* **YOUR TASK**
From the entries below, retype only the lines from the one with "Monchy-Le-Preux" through the one with "Tính năng hiện", exactly as written.

* **GIVEN RECORDS**
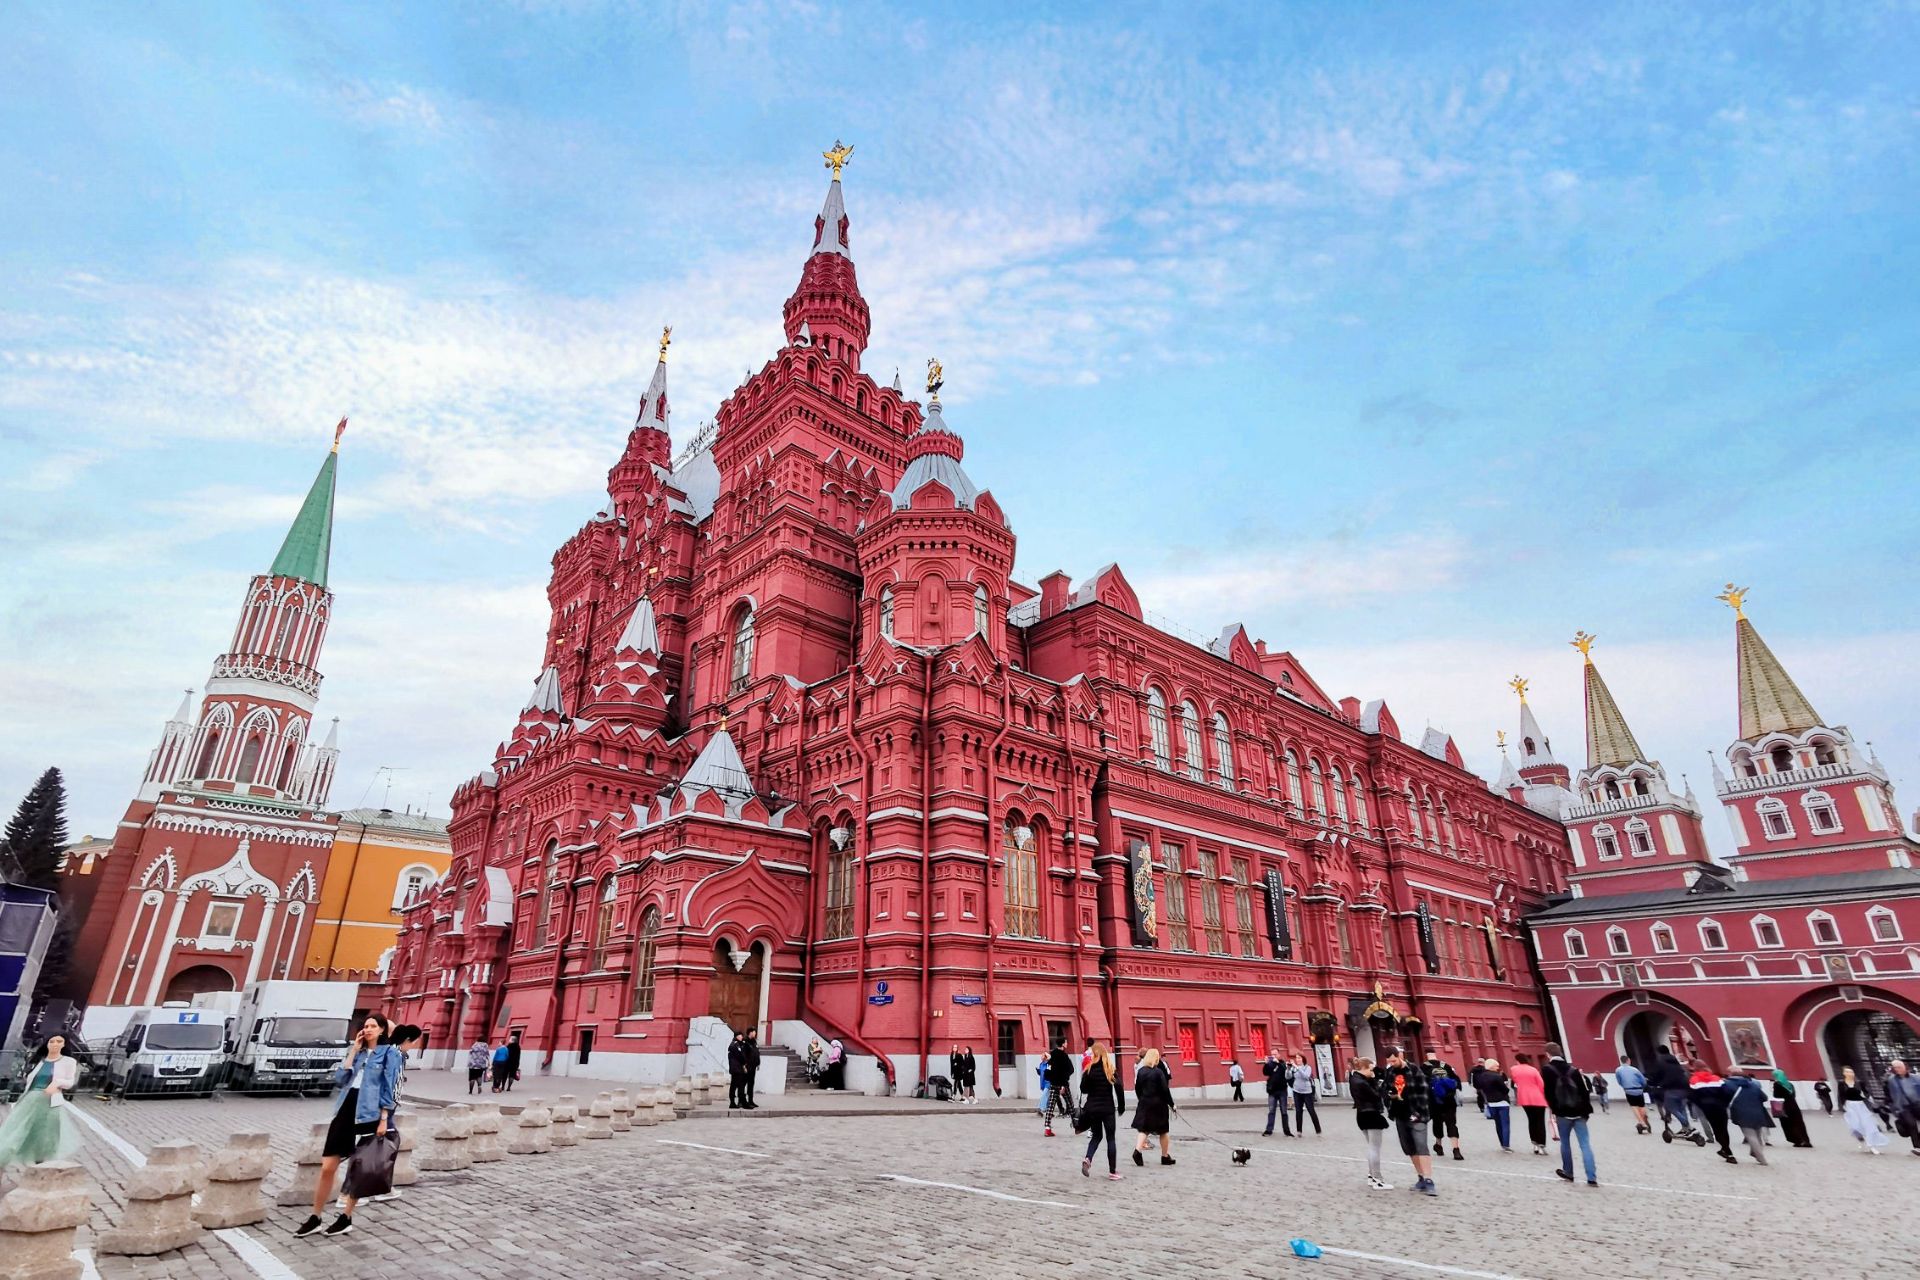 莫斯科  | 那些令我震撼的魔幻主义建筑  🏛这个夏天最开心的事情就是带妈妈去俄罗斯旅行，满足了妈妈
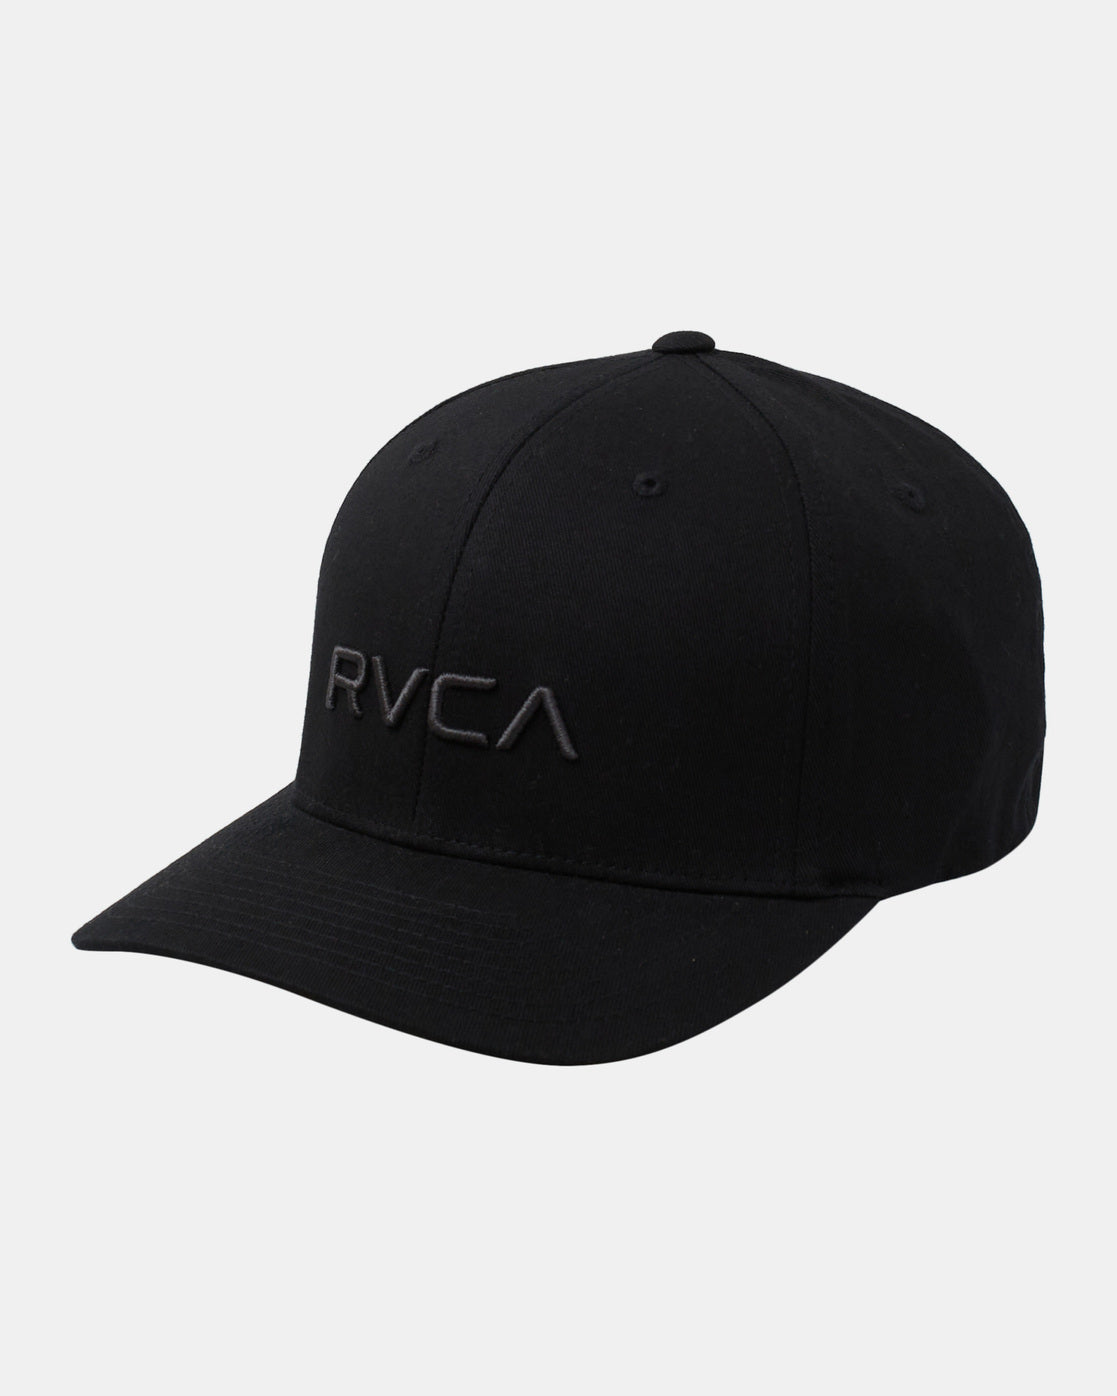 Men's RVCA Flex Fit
--
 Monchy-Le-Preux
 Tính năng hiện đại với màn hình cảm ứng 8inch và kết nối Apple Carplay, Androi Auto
* * *
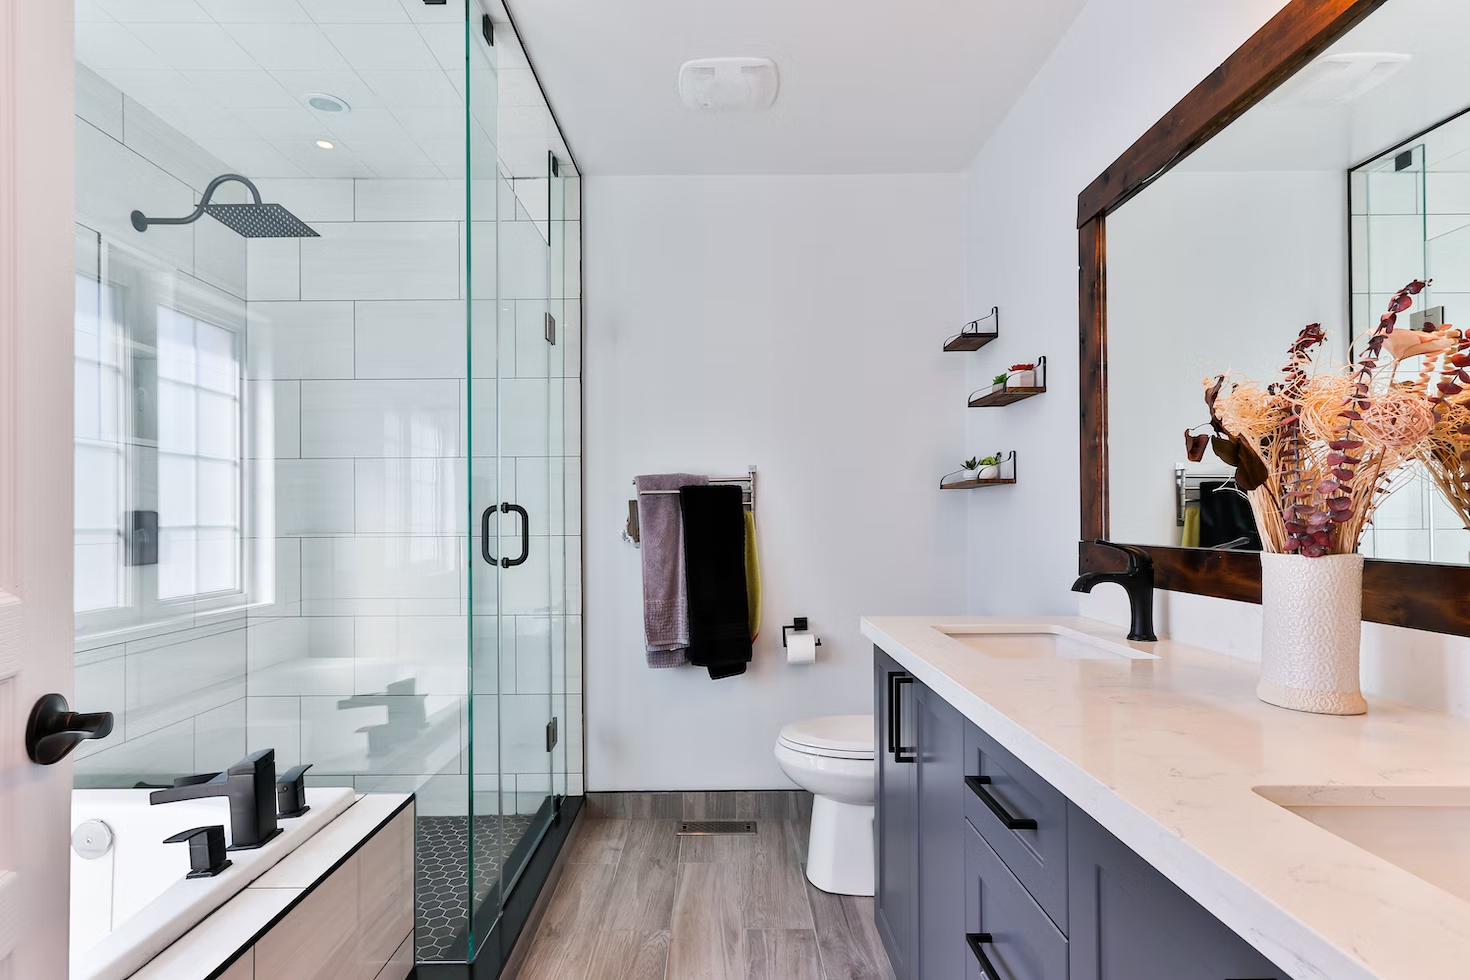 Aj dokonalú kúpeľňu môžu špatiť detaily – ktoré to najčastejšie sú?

* **ANSWER TO THIS EXERCISE**
 Monchy-Le-Preux
 Tính năng hiện đại với màn hình cảm ứng 8inch và kết nối Apple Carplay, Androi Auto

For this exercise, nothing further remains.